Why this matters this week
Two things are colliding in production environments right now:
- LLMs are finally good enough (and cheap enough) to sit in the middle of real workflows.
- The RPA/“screen scraping” band-aids you put in 2017 are starting to fail in ways that are expensive, opaque, and hard to fix.
If you run a real business system (contact center, back-office ops, logistics, finance, internal tools), you’re probably hearing:
- “Let’s build an AI agent to handle this workflow end-to-end.”
- “We can replace this brittle RPA bot with a copilot that just uses the APIs.”
- “We’ll just orchestrate multiple tools; the AI will figure it out.”
The risk isn’t that this is impossible. The risk is that you build:
- A demo that looks magical but fails in production variance.
- An automation that quietly corrupts data.
- A system that’s impossible to debug or get past security review.
This post is about the actual mechanics and trade-offs of AI automation in production: agents, copilots, orchestration, and replacing RPA in real businesses, not slideware.
What’s actually changed (not the press release)
Three non-hype shifts matter for people who ship systems:
-
LLMs are now “good enough glue” between tools
- You no longer need 100% deterministic rule trees for every branch.
- LLMs can handle:
- Parsing semi-structured inputs (emails, PDFs, chats).
- Mapping them onto internal schemas.
- Selecting which internal APIs to call in what order.
- This doesn’t remove the need for structure; it moves it:
- From “if-else trees in code” to “tool schemas + guardrails + state machines.”
-
Cost and latency are acceptable for inner-loop automation
- With modern models + streaming:
- Sub-500ms “decision steps” are achievable.

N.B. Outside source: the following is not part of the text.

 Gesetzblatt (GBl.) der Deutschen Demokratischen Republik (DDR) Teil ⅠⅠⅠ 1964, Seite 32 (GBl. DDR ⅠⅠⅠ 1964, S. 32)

- Per-step cost can be in low cents or fractions of a cent, depending on model.
- That makes AI automation viable inside:
- Customer support flows.
- Finance ops (invoice processing, approvals).
- Supply chain / logistics exception handling.
- With modern models + streaming:
-
Tooling for orchestration is emerging (but immature)
- There are now libraries/platforms for:
- Tool calling (functions, actions, tools).
- Long-running workflows (stateful agents).
- Retrieval-augmented generation (RAG) for context.
- The real change: you can compose LLM calls, tools, and human approvals without building a workflow engine from scratch.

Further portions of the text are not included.